25. Finally, the Supreme Court in the above said judgment has held that the value of free supplies of diesel and explosives in respect of service of “Site Formation and Clearance Service” can be included for the purpose of assessment to service tax under Section 67 of the Act. The Supreme Court further held that the value of such material which is supplied free by the service recipient cannot be treated as “gross amount charged” and it is not the consideration for rendering the services. In this backdrop, the value of free supplies of diesel and explosives would not warrant inclusion while arriving at the gross amount charged on the service tax to be paid, and all the appeals filed by the Union of India were dismissed.

26. The Supreme Court in the judgments referred to hereinabove has consistently held that where diesel is filled free of cost (FOC) by the service recipient and is not included in the value of GTA service, then the cost of fuel cannot be added to the payment made by the service recipient to the transporter, and further GST be charged from the transporter.

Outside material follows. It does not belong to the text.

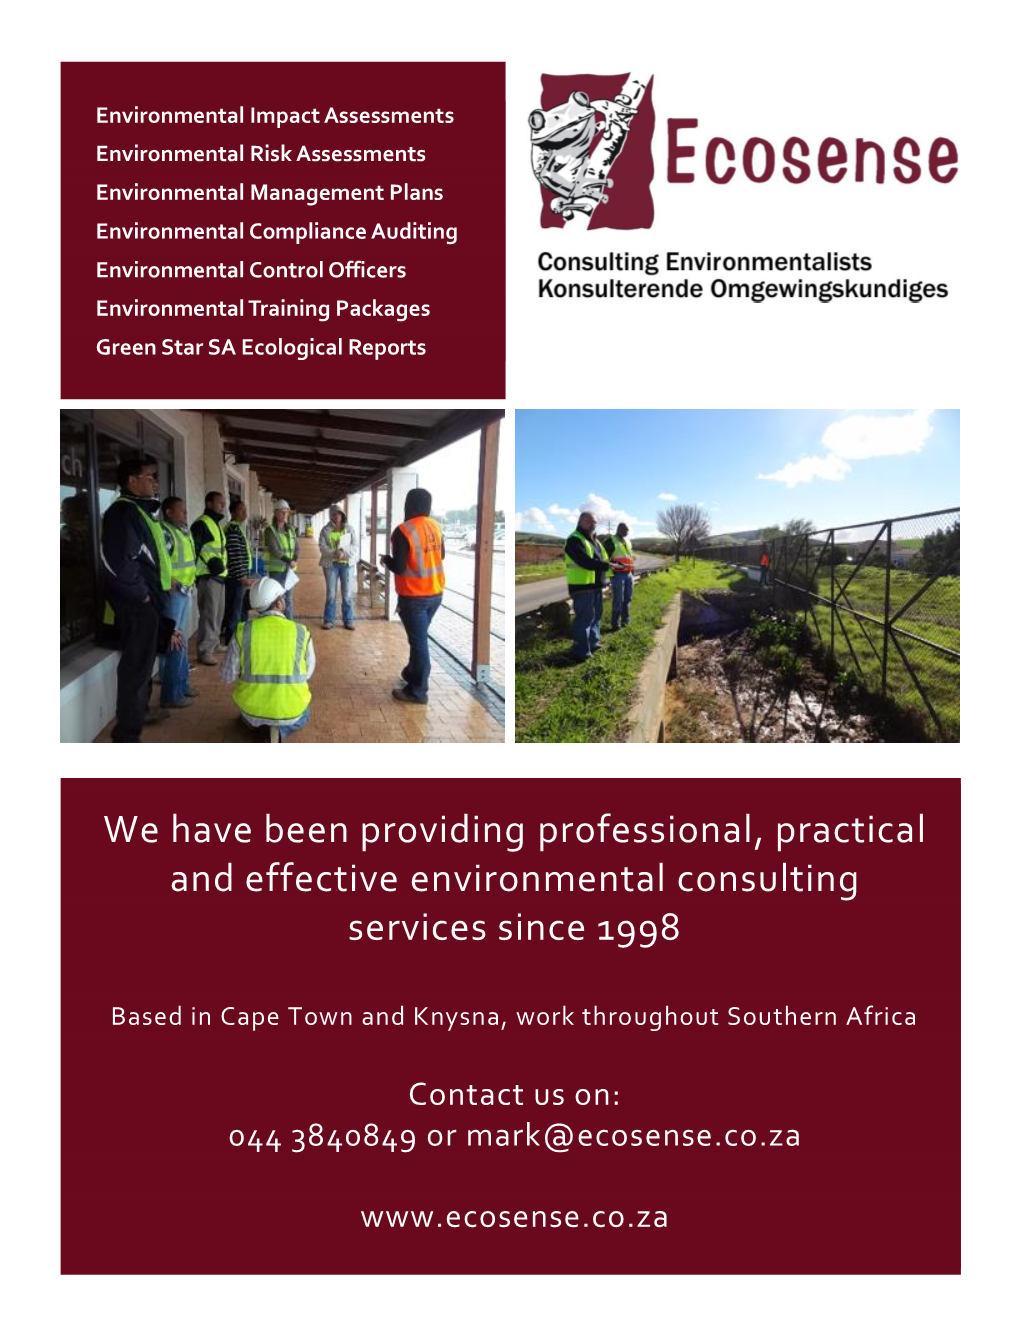 We Have Been Providing Professional, Practical and Effective Environmental Consulting Services Since 1998
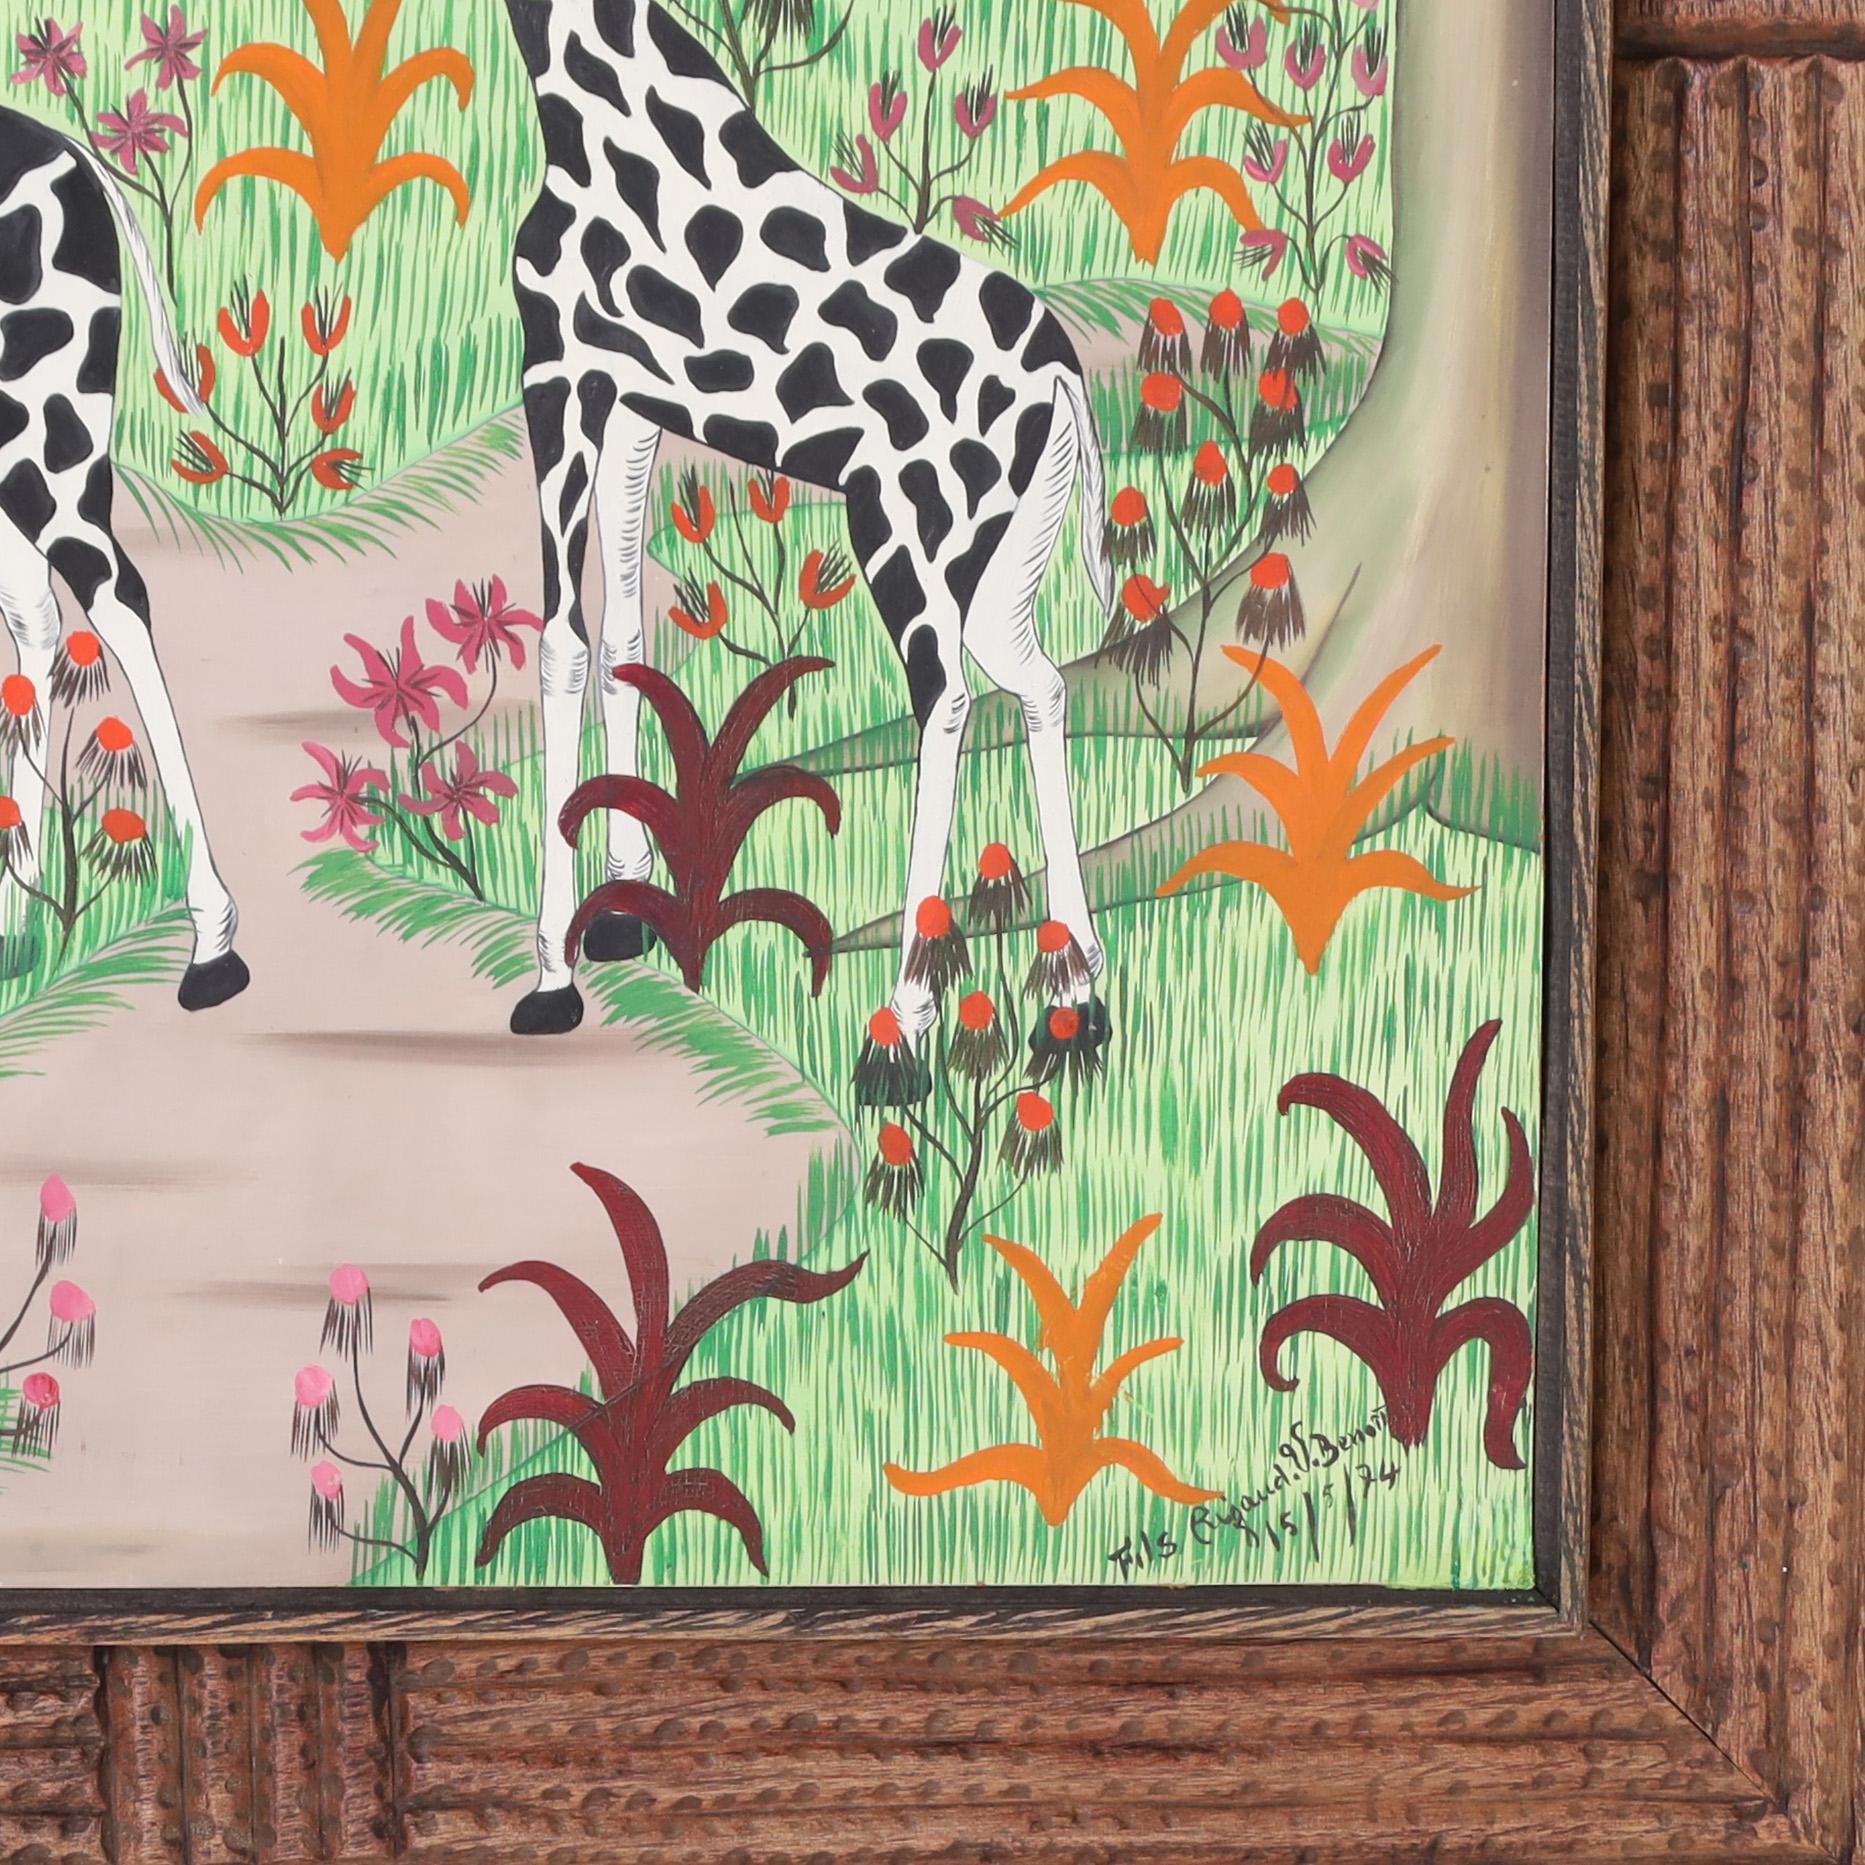 Hand-Painted Haitian Painting of Giraffes For Sale

27. Recently, the Supreme Court in Jayhind Projects Ltd. Vs Commissioner of Service Tax, Ahmadabad, (2023) 13 Centax 32 (S.C.) has again reiterated and followed the judgment of the Supreme Court in the case of Commissioner of Service Tax & others Vs Bhayana Builders (P) Ltd, (2018) 3 SCC 782, and held that the value of goods / materials supplied free of cost by service provider is not to be included in the gross amount for levy of service tax by the service provider.

28. Hence, as per the consistent view taken by the Supreme Court in the judgments referred to above the cost of fuel cannot be added in the account of the petitioner, who was a transporter, and was governed by the GST rules. Thus, in the case of the petitioner, as per the agreement (Annexure-2), the cost of fuel was to be borne by the service recipient and this cost of this fuel cannot be subjected to charge of GST by adding the value of free diesel in the transaction value of GTA service done by the petitioner. Hence, value of free fuel cannot be added to value of taxable supply under Section 15(1) and Section 15(2)(b) of the CGST Act, 2017.

29) Keeping in view the above law laid down by the Supreme Court, the present writ petition is allowed, and the order dated 30.01.2023 (Annexure-1), passed by the Appellate Authority for Advance Ruling for the State of Uttarakhand Goods and Service Tax is, hereby, set aside.